UNITED STATES SECURITIES AND EXCHANGE COMMISSION
Washington, D.C. 20549
 
Form 8-K
 
CURRENT REPORT
 
Pursuant to Section 13 or 15(d) of the
Securities Exchange Act of 1934
Date of Report (Date of earliest event reported): September 19, 2011
 
TOROTEL, INC.
(Exact name of registrant as specified in its charter)
 
Missouri
1-8125
44-0610086
(State or other jurisdiction of incorporation)
(Commission File Number)
(I.R.S. Employer Identification No.)

 
620 North Lindenwood Drive
Olathe, KS 66062
(Address of principal executive office)(Zip Code)
 
(913) 747-6111
(Registrant's telephone number, including area code)
 
Not Applicable
(Former name or former address, if changed since last report)
 
Check the appropriate box below if the Form 8-K filing is intended to simultaneously satisfy the filing obligation of the registrant under any of the following provisions (see General Instruction A.2. below):
 
o
Written communications pursuant to Rule 425 under the Securities Act (17 CFR 230.425)
o
Soliciting material pursuant to Rule 14a-12 under the Exchange Act (17 CFR 240.14a-12)
o
Pre-commencement communications pursuant to Rule 14d-2(b) under the Exchange Act (17 CFR 240.14d-2(b))
o
Pre-commencement communications pursuant to Rule 13e-4(c) under the Exchange Act (17 CFR 240.13e-4(c))

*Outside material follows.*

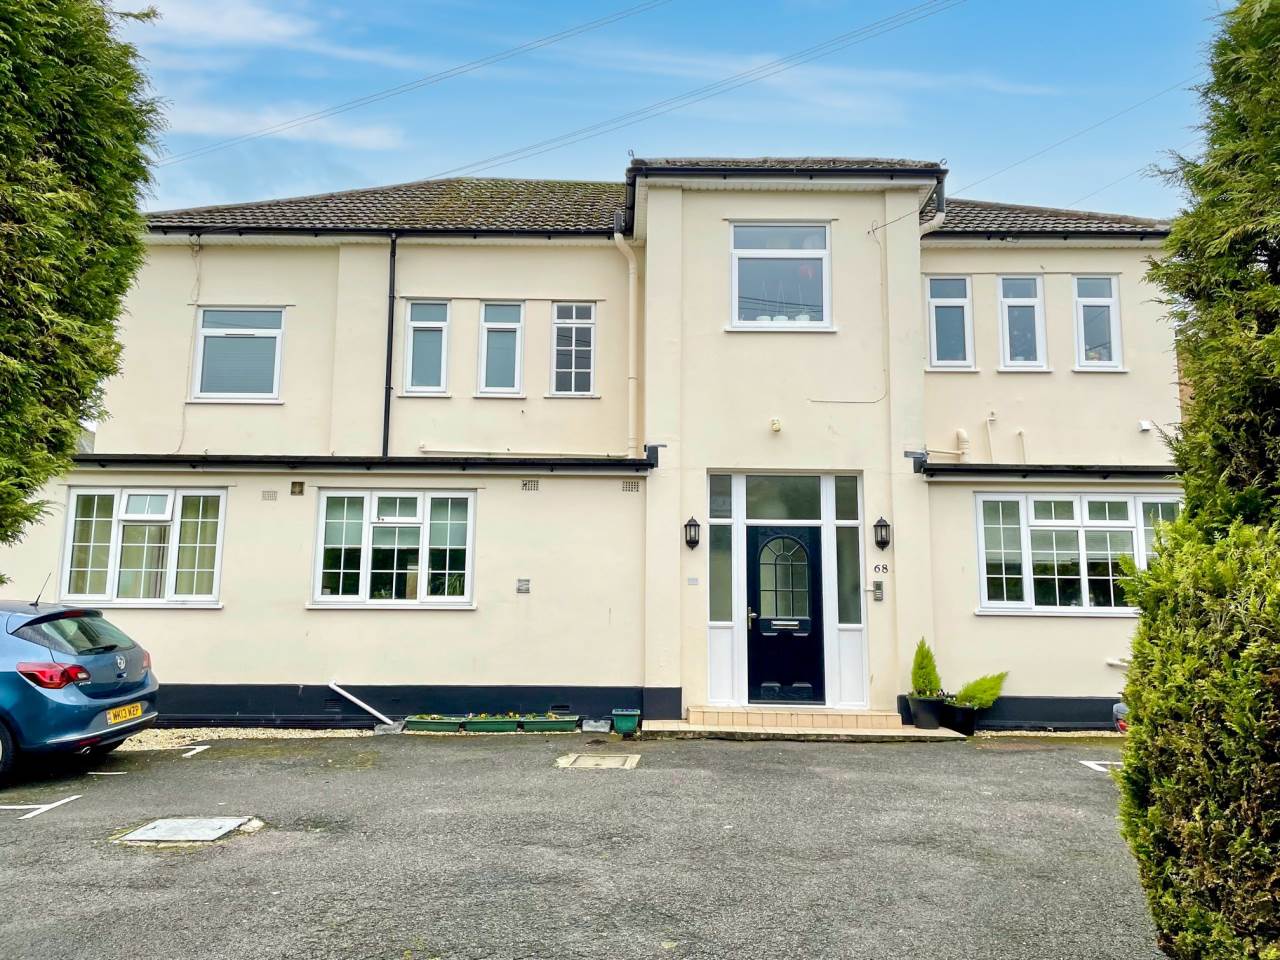 AVAILABLE SOON!! NO CHAIN*ONE BEDROOM GROUND FLOOR APARTMENT WITH PRIVATE ENTRANCE* 142 YEAR LEASE* MODERN KITCHEN* ALLOCATED PARKING* IDEAL BUY TO LET

Item 4.01 Change in Registrant's Certifying Accountant
On September 19, 2011, the Audit Committee of the Board of Directors of Torotel, Inc. (the “Company”) authorized the Company's dismissal of Mayer Hoffman McCann P.C. (“MHM”) as the Company's independent registered public accounting firm. This approval followed the Audit Committee's receipt of proposals from other independent auditors to audit the Company's consolidated financial statements for the fiscal year ending April 30, 2012. On September 19, 2011, the Audit Committee recommended and the Company appointed RubinBrown LLP ("RubinBrown"), effective September 19, 2011, to serve as the Company's independent registered public accounting firm for the fiscal year ending April 30, 2012.
The audit reports of MHM on the Company's consolidated financial statements as of and for the two fiscal years ended April 30, 2011 did not contain any adverse opinion or disclaimer of opinion, nor were these opinions qualified or modified as to uncertainty, audit scope or accounting principles.
During the Company's two most recent fiscal years and through September 19, 2011, there were no disagreements between the Company and MHM on any matters of accounting principles or practices, financial statement disclosure, or auditing scope or procedure, which disagreements, if not resolved to the satisfaction of MHM, would have caused it to make reference to the subject matter of the disagreement in its reports on the Company's consolidated financial statements for such years; and there were no reportable events, as listed in Item 304(a)(1)(v) of Regulation S-K.
The Company has provided MHM with a copy of the foregoing disclosures and has requested that MHM review such disclosures and provide the Company with a letter addressed to the Securities and Exchange Commission as specified by Item 304(a)(3) of Regulation S-K. A copy of MHM's letter to the Securities and Exchange Commission is attached to this report as Exhibit 16.1.
During the Company's two most recent fiscal years and through September 19, 2011, the Company did not consult with RubinBrown regarding any of the matters or events set forth in Item 304(a)(2)(i) and (ii) of Regulation S-K.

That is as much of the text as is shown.